Catalytic activity and stability can be optimized in several ways: by developing novel Pt-alloy cathode materials, controlling the particle size for maximum mass activity, controlling the inter-crystallite distance, or ensuring uniform dispersion of Pt nanoparticles on the carbonaceous support.1
Materials and Methods
In this study, several techniques were used to analyze a set of catalyst powders made of Vulcan XC-72 carbon black, with three different Pt loadings: 60% (60 m2/g), 40% (70 m2/g), and 20% (100 m2/g). These catalytic powders were bought from Premetek, with the following specifications:
|Surface area, total (m2/g)
|Metal area, Pt (m2/g)
|XRD XS size, Pt
|40%Pt on carbon
|Vulcan XC 72
|40%Pt on high-surface-area EC-300J
|High-surface area EC-300J
|40%Pt on Vulcan XC 72R
|Vulcan XC 72R
|20%Pt on Carbon
|Vulcan XC 72
|60%Pt on Carbon
|Vulcan XC 72
|40%Pt-Ru on Vulcan
|Vulcan XC 72
|40%Pt-Co on Vulcan
|Vulcan XC 72
X-ray diffraction (XRD), X-ray fluorescence (XRF) spectroscopy, and laser diffraction were highly effective in analyzing the catalytic powders. Although highly useful in analyzing other aspects of catalytic inks, techniques such as morphological imaging and dynamic light scattering had limited application to the study of catalytic powders materials. Some Pt-alloy catalysts were also analyzed to see if the same techniques could also be applied to these materials.
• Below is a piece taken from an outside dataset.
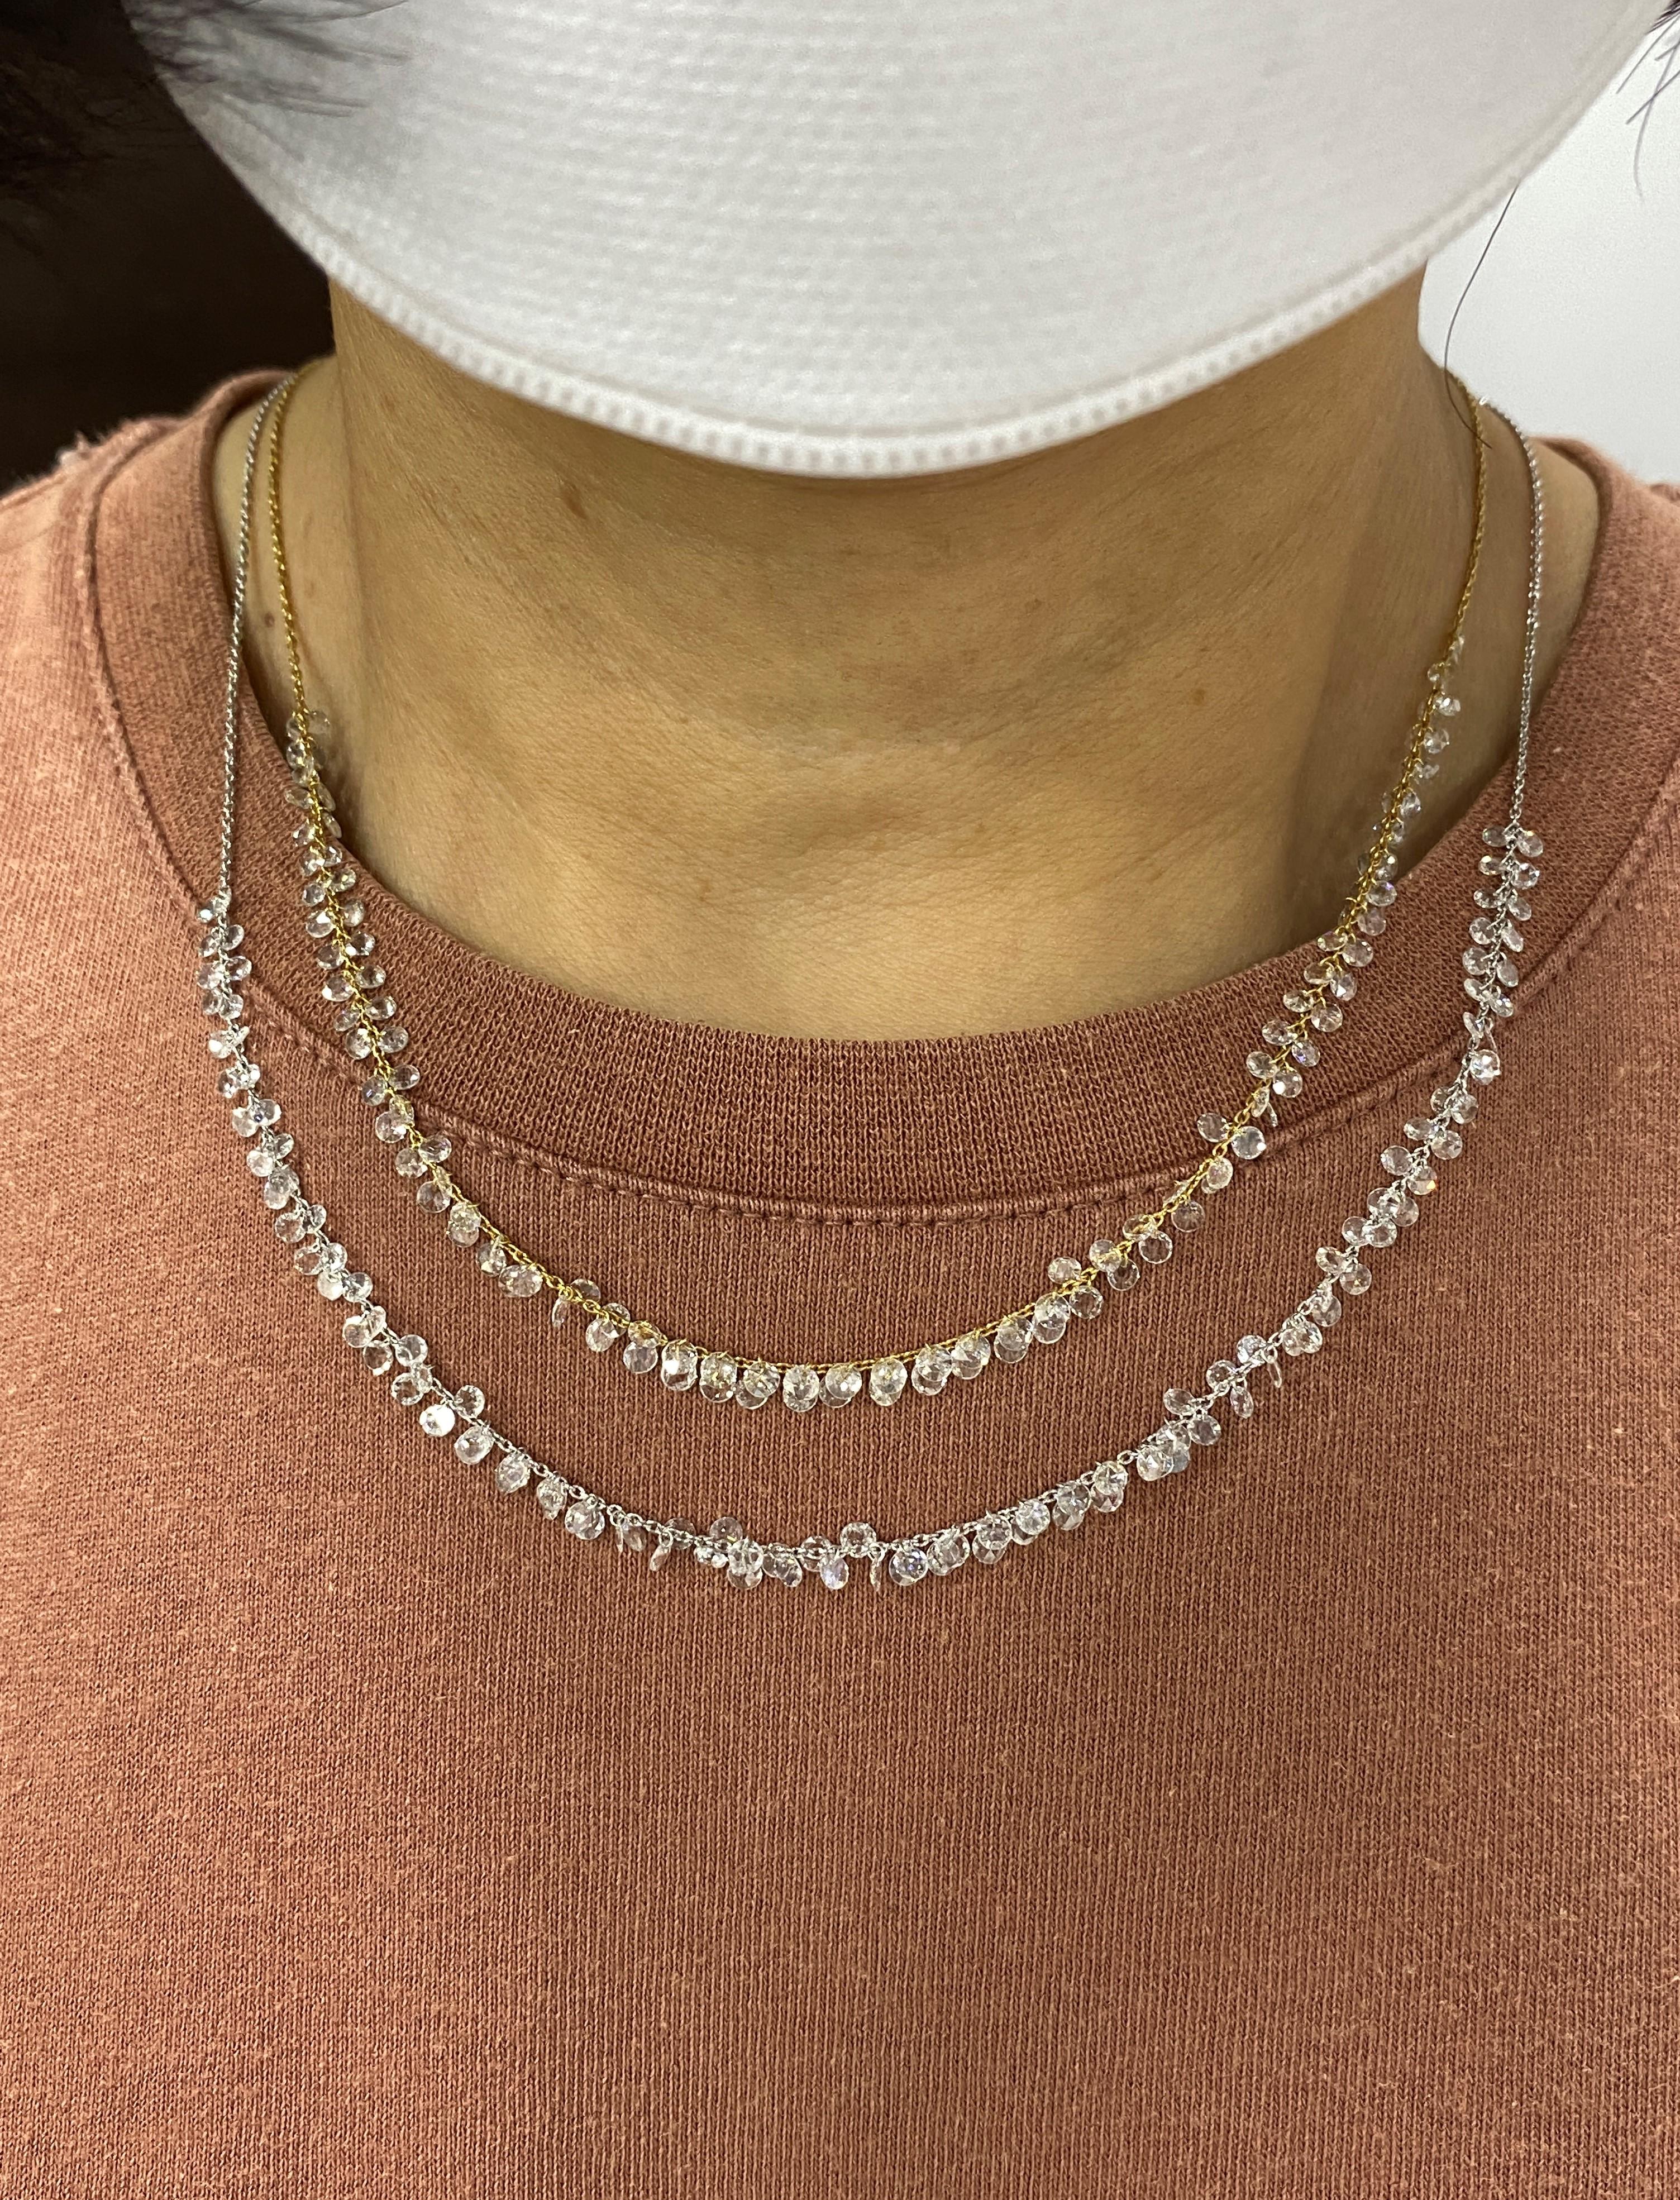 JR 3.68 Carat Rose Cut Floral Dangling Necklace 18 Karat White Gold

This contemporary piece of necklace is made of Drilled Rose cut diamond and it eludes femininity & grace. Diamond Rose Cut Floral Dangling Necklace can be adjust the length from 16

Characterizing Pt/C catalysts can be difficult because its constituents span different size ranges:2
- 2–5 nm nanoparticles (Pt metal group catalyst)
- 20–40 nm primary particles (C support)
- 100–300 nm aggregates (C-support particles)
- 1,000–10,000 nm (i.e., 1-10 µm) agglomerates (Pt/C particles)
Furthermore, because the Pt particles are deposited on the C-support particles, they are difficult to size separately using large sampling statistic methods such as laser scattering.
Characterization of “Pt on Carbon” Catalyst Powders
X-ray Diffraction Analysis
X-ray diffraction of Pt/C catalysts primarily provides information on the Pt-metal group nanocatalyst. Data can be collected using either a benchtop or a floor-standing diffractometer, configured with the conventional Bragg-Brentano powder diffraction geometry.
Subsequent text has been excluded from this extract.